9. The method of claim 6, wherein the determining a network loss based on the fused face picture sample, the source face picture sample, the target face picture sample, and the discrimination result of the discrimination network comprises:

determining a perception similarity loss based on the target face picture sample and the fused face picture sample, wherein the perception similarity loss is used for representing picture style difference between the target face picture sample and the fused face picture sample;

determining the multi-scale identity feature loss based on the source face picture sample and the fused face picture sample, wherein the multi-scale identity feature loss is used for representing identity feature differences between the source face picture sample and the fused face picture sample;

determining a face pose loss based on the target face picture sample and the fused face picture sample, the face pose loss being used to describe a face pose difference between the target face picture sample and the fused face picture sample;

determining to generate network countermeasure loss based on the discrimination result;

and determining the generated network loss according to the perception similarity loss, the multi-scale identity feature loss, the face pose loss and the network confrontation loss.

10. The method of claim 9, wherein determining a perceptual similarity loss based on the target face picture sample and the fused face picture sample comprises:

respectively extracting the visual features of the target face picture sample and the visual features of the fused face picture sample through a visual feature extraction network;

and calculating the similarity between the visual characteristics of the target face picture sample and the visual characteristics of the fused face picture sample to obtain the perception similarity loss.

11. The method of claim 9, wherein the determining the multi-scale identity feature loss based on the source face picture sample and the fused face picture sample comprises:

respectively extracting the identity characteristic hidden codes of the source face picture sample and the identity characteristic hidden codes of the fused face picture sample through the identity characteristic extraction network;

and calculating the similarity between the identity characteristic hidden code of the source face picture sample and the identity characteristic hidden code of the fused face picture sample to obtain the multi-scale identity characteristic loss.

12. The method of claim 9, wherein determining a face pose loss based on the target face picture sample and the fused face picture sample comprises:

respectively extracting a face attitude Euler angle of the target face picture sample and a face attitude Euler angle of the fused face picture sample through a face attitude prediction network;

and calculating the similarity between the Euler angles of the face postures of the target face picture sample and the Euler angles of the face postures of the fused face picture sample to obtain the face posture loss.

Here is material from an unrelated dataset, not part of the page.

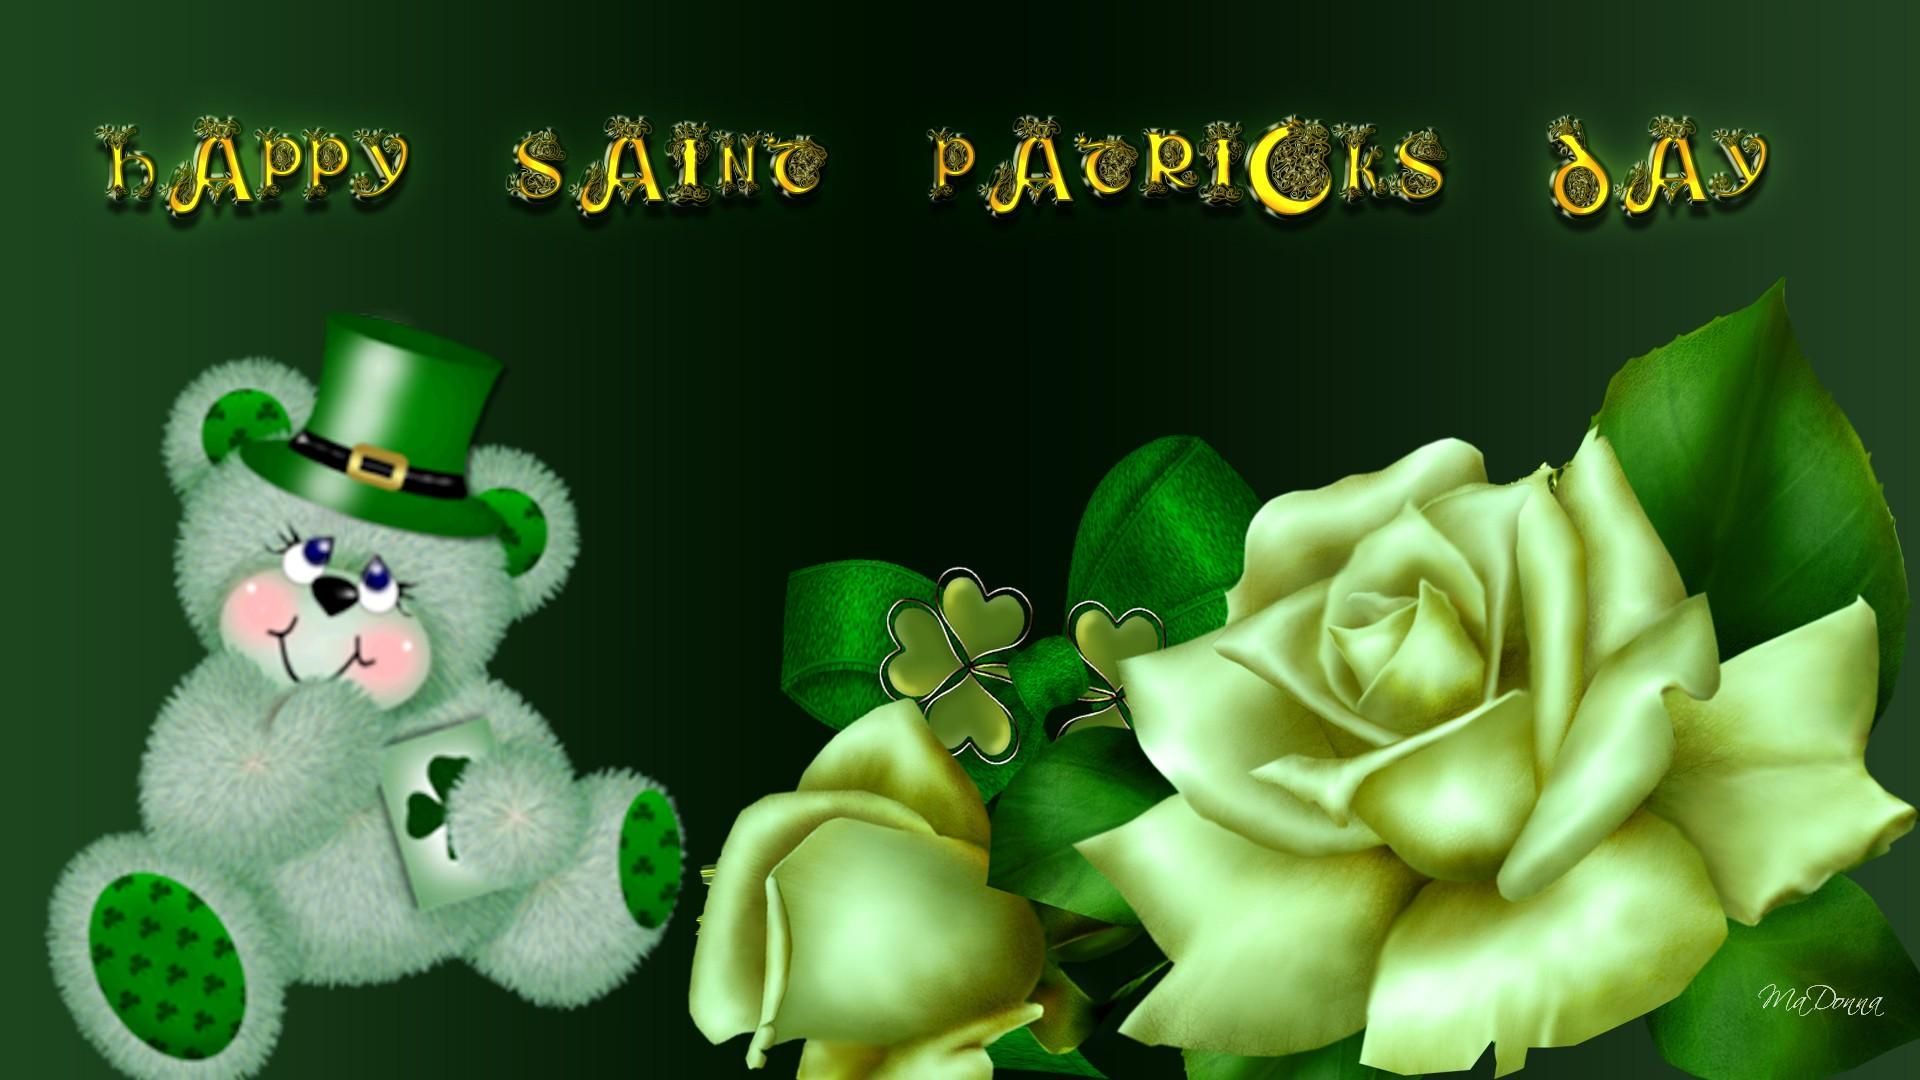 Welcome to AMAZINGIPHONE6.NET. St patricks day wallpaper, Free collage, Happy st patricks day

13. An apparatus for fusing face pictures, the apparatus comprising:

14. The training device of the human face fusion model is characterized in that the human face fusion model comprises a generating network and a judging network, wherein the generating network comprises an identity coding network, an attribute coding network and a decoding network; the device comprises:

15. A computer device comprising a processor and a memory, the memory having stored therein a computer program that is loaded and executed by the processor to implement the method of any of claims 1 to 5 or to implement the method of any of claims 6 to 12.

16. A computer-readable storage medium, in which a computer program is stored, which is loaded and executed by a processor to implement the method of any one of claims 1 to 5 or to implement the method of any one of claims 6 to 12.